Here we implement the Viterbi algorithm. It's a dynamic programming algorithm used to find the most likely sequence of hidden states, given a sequence of observations. It returns the most probable sequence of tags for a given sequence of words.

### Putting It All Together

In [19]:
# Get unique words and tags from the training data
words = list(set([word for word, tag in train_data]))
tags = list(set([tag for word, tag in train_data]))

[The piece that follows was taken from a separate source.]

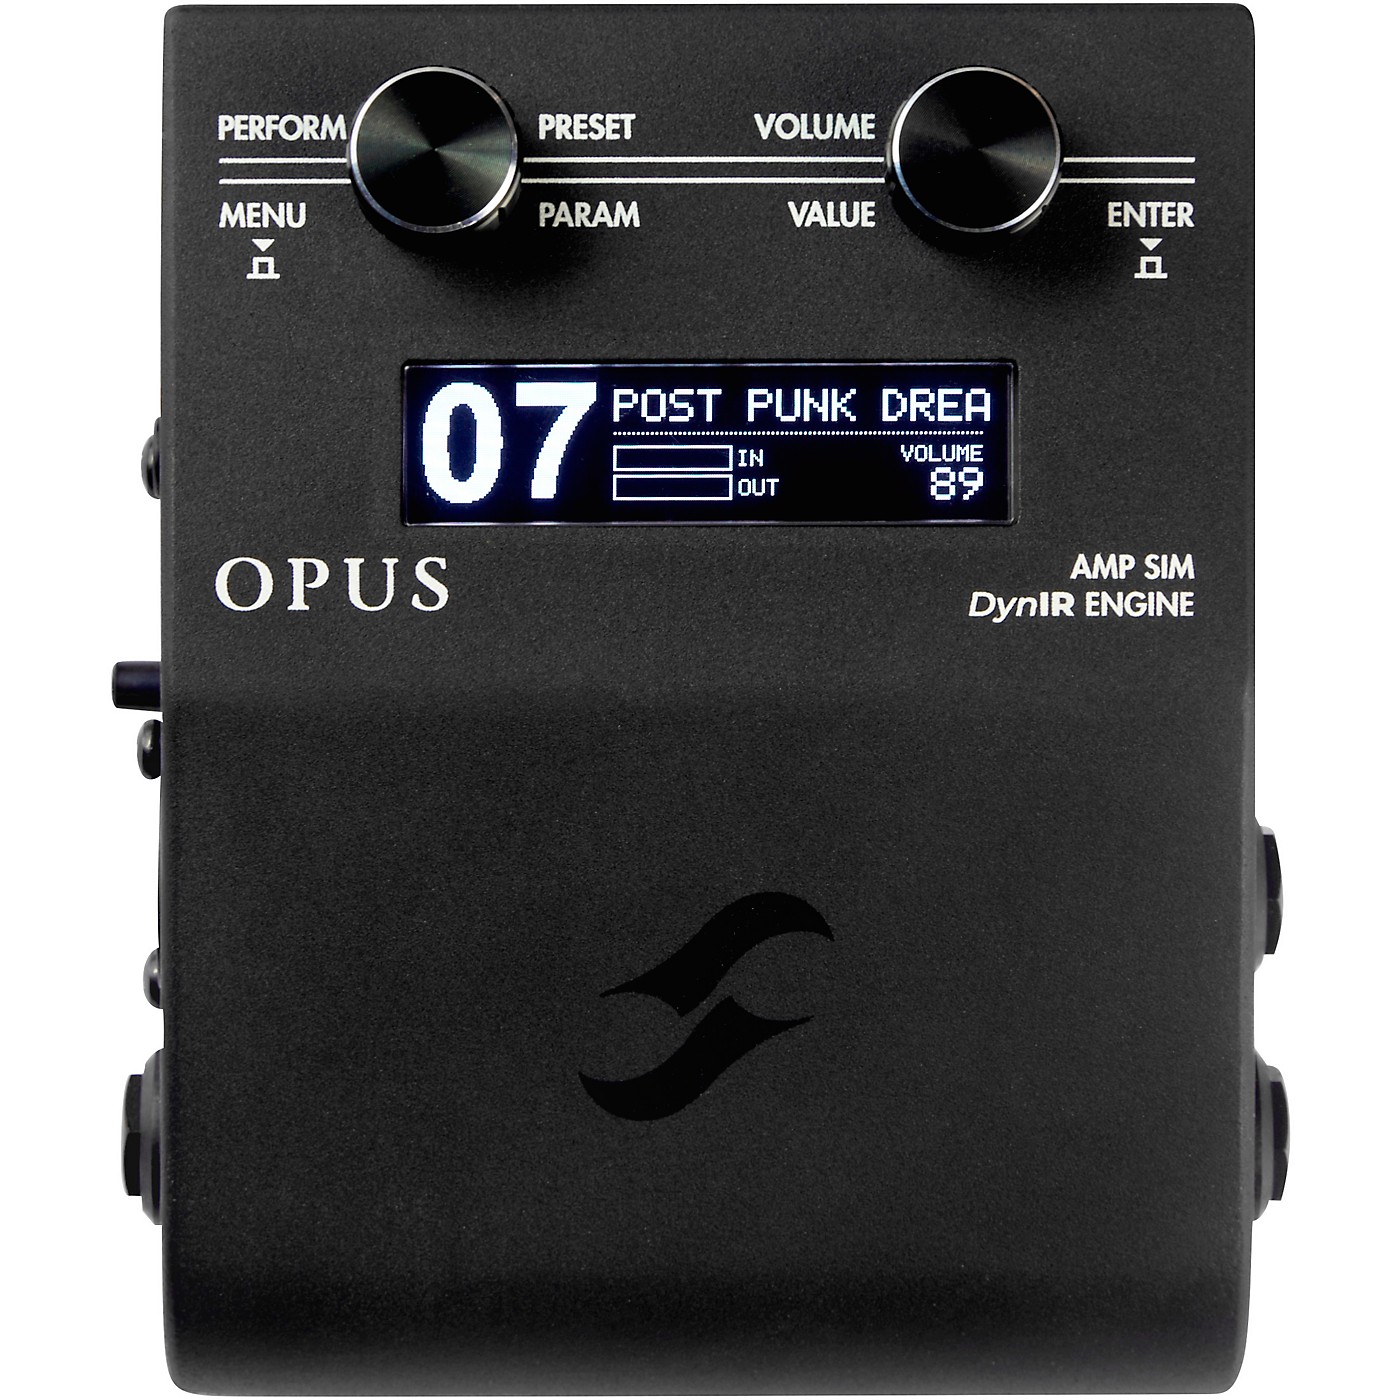 Two Notes Audio Engineering Opus Amp Sim and DynIR Engine Effects Pedal thumbnail

# Compute start, transition, and emission probabilities
start_probs = {tag: 1/len(tags) for tag in tags}  # Assume uniform distribution for start probabilities
transition_probs = transition_probabilities(train_data)
emission_probs = emission_probabilities(train_data)

# Implement Viterbi on the test data
predicted_tags = []
for word, tag in test_data:
    prob, path = viterbi([word], tags, start_probs, transition_probs, emission_probs)
    predicted_tags.append(path[0])

# Calculate accuracy
correct_tags = [tag for word, tag in test_data]
accuracy = sum([correct == predicted for correct, predicted in zip(correct_tags, predicted_tags)]) / len(correct_tags)
print('Accuracy:', accuracy)

Accuracy: 0.891973335768423


In this last block of code, we bring all the pieces together.

1. Extract unique words and tags from the training data.
2. Compute the start, transition, and emission probabilities.
3. Implement the Viterbi algorithm on the test data to predict the POS tags.
4. Calculate the accuracy of our predictions by comparing with the actual tags.

The output of the cell shows the accuracy of our POS tagging, which is approximately 0.89, indicating that our HMM model with the Viterbi algorithm is performing quite well.